Work task -> The whole listing below is to be copied exactly, with every picture left out.

Raw data ->
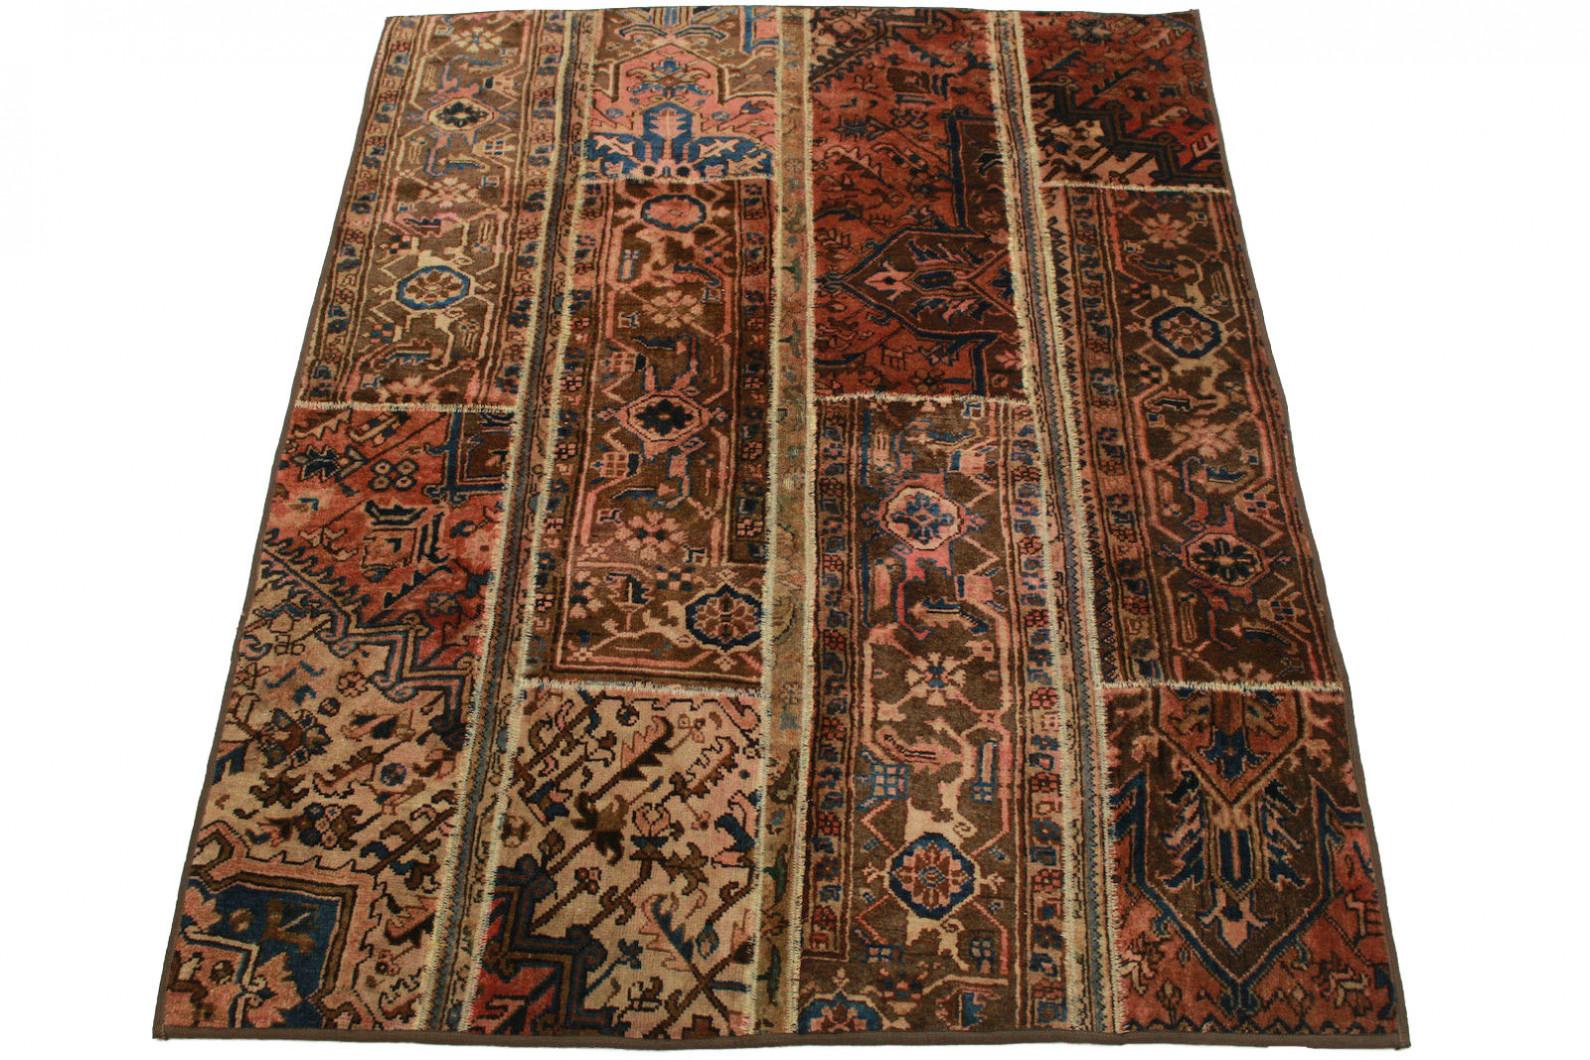 patchwork teppich braun rosa in 200x150cm 1001 1358 bei. Black Bedroom Furniture Sets. Home Design Ideas
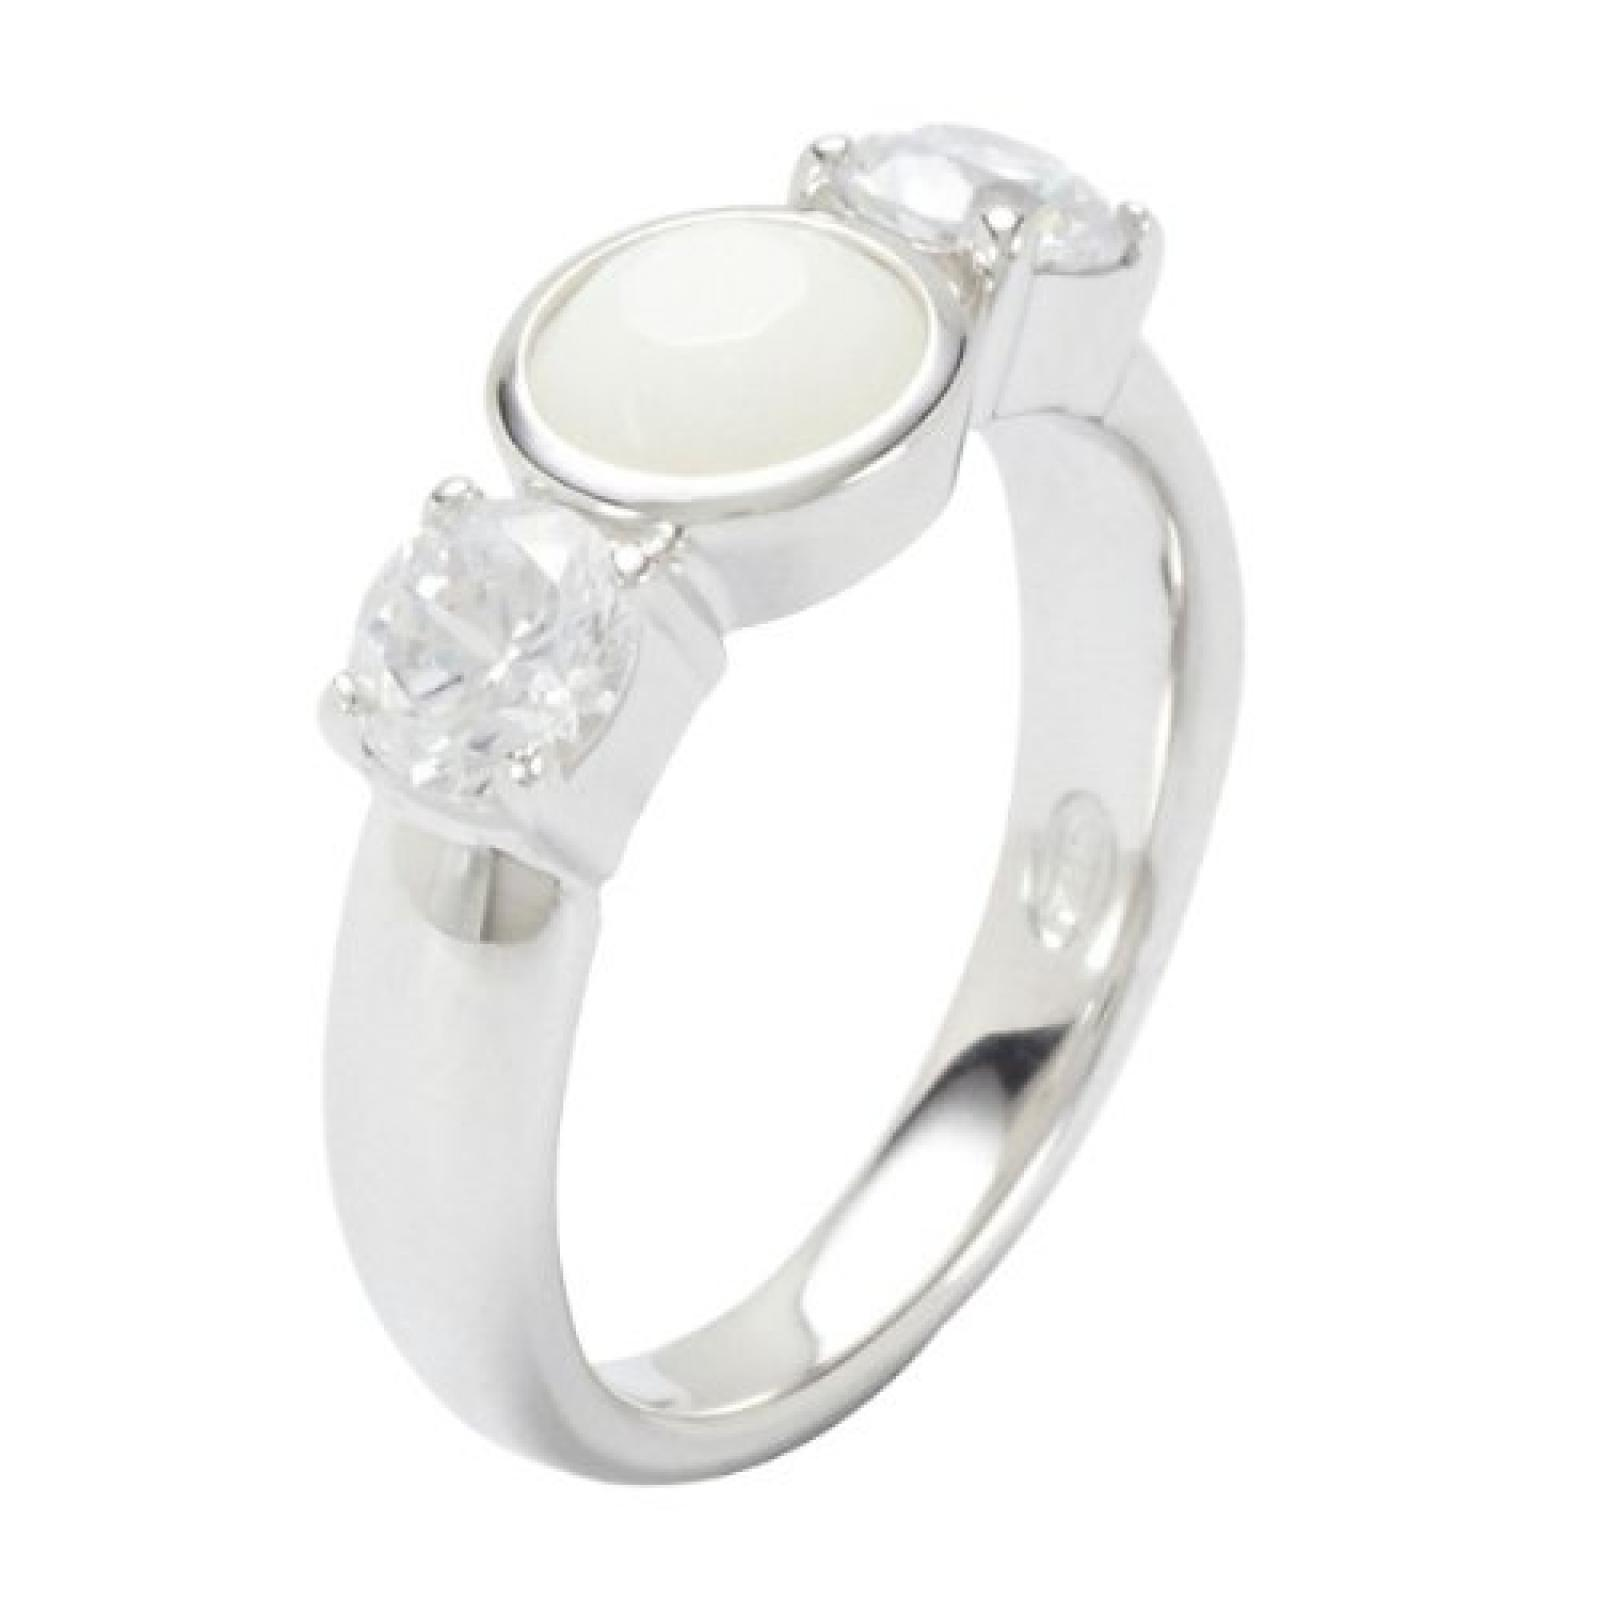 Fossil Damen-Ring 925 Sterling Silber Gr. 56 (17.8) JF18050040-8
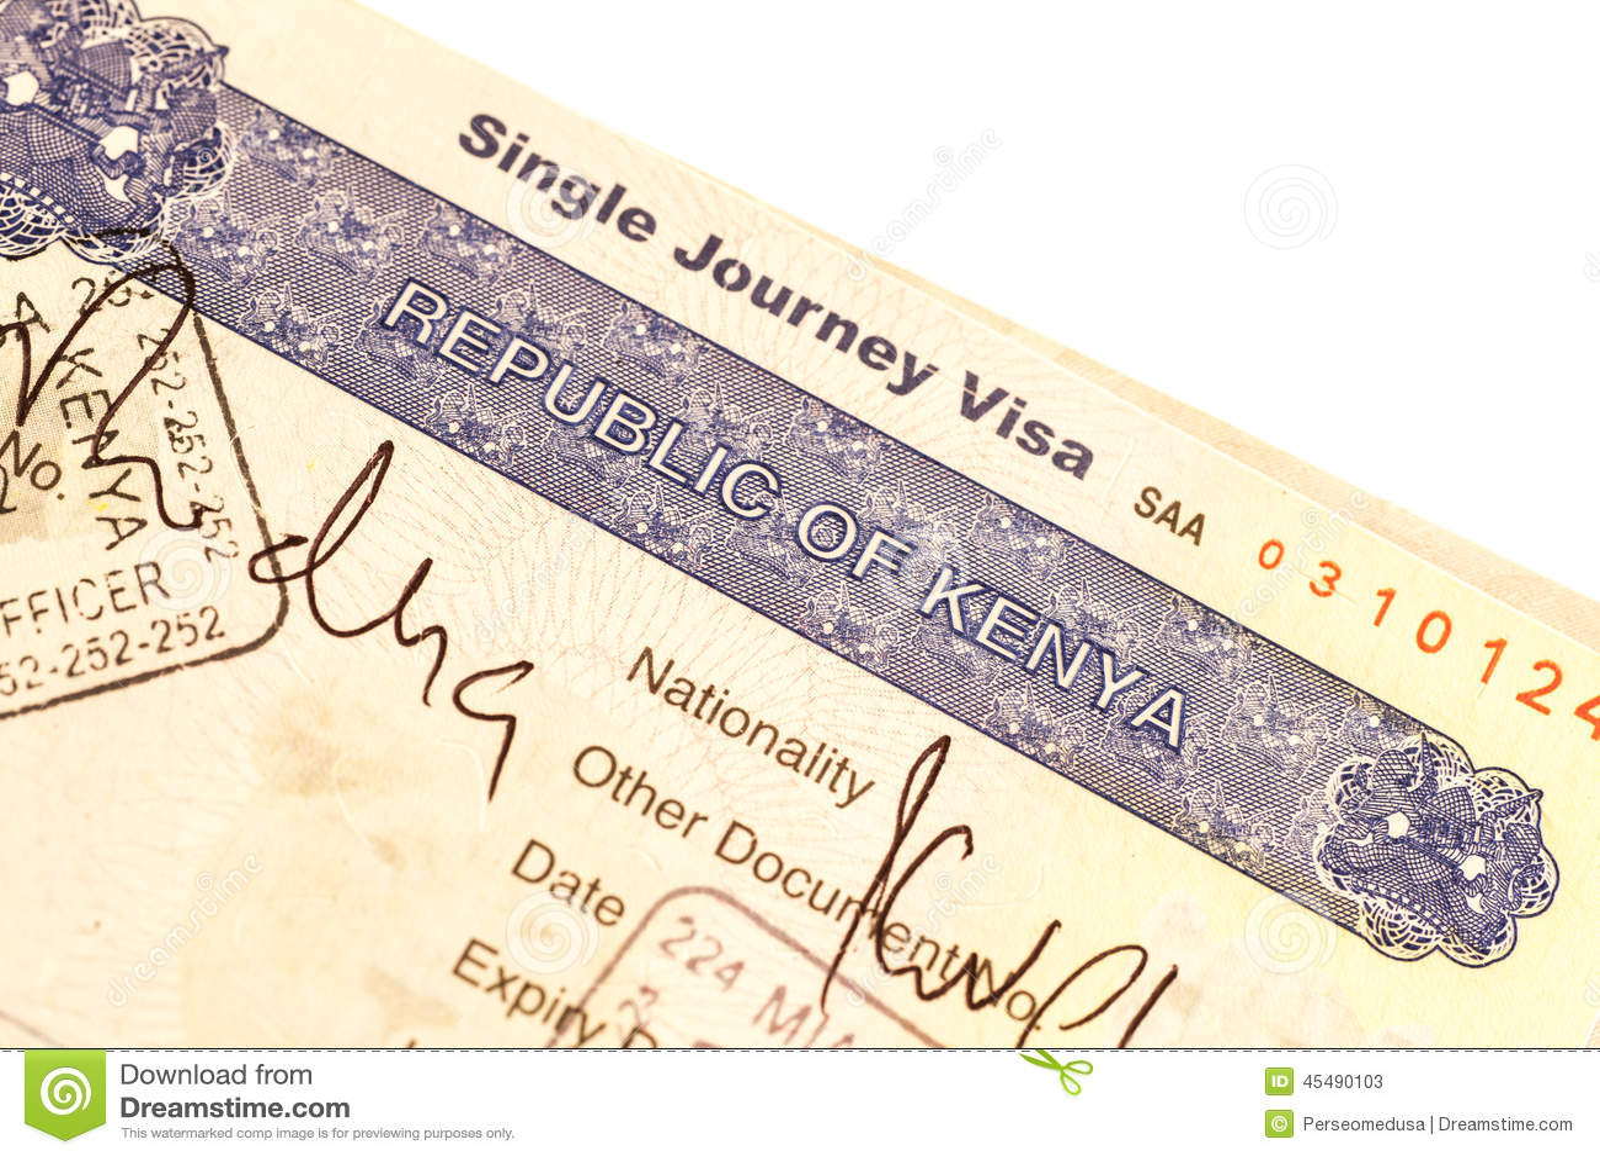 Kenya Visa Stock Photo

Response to the exercise ->
 patchwork teppich braun rosa in 200x150cm 1001 1358 bei. Black Bedroom Furniture Sets. Home Design Ideas
 Fossil Damen-Ring 925 Sterling Silber Gr. 56 (17.8) JF18050040-8
 Kenya Visa Stock Photo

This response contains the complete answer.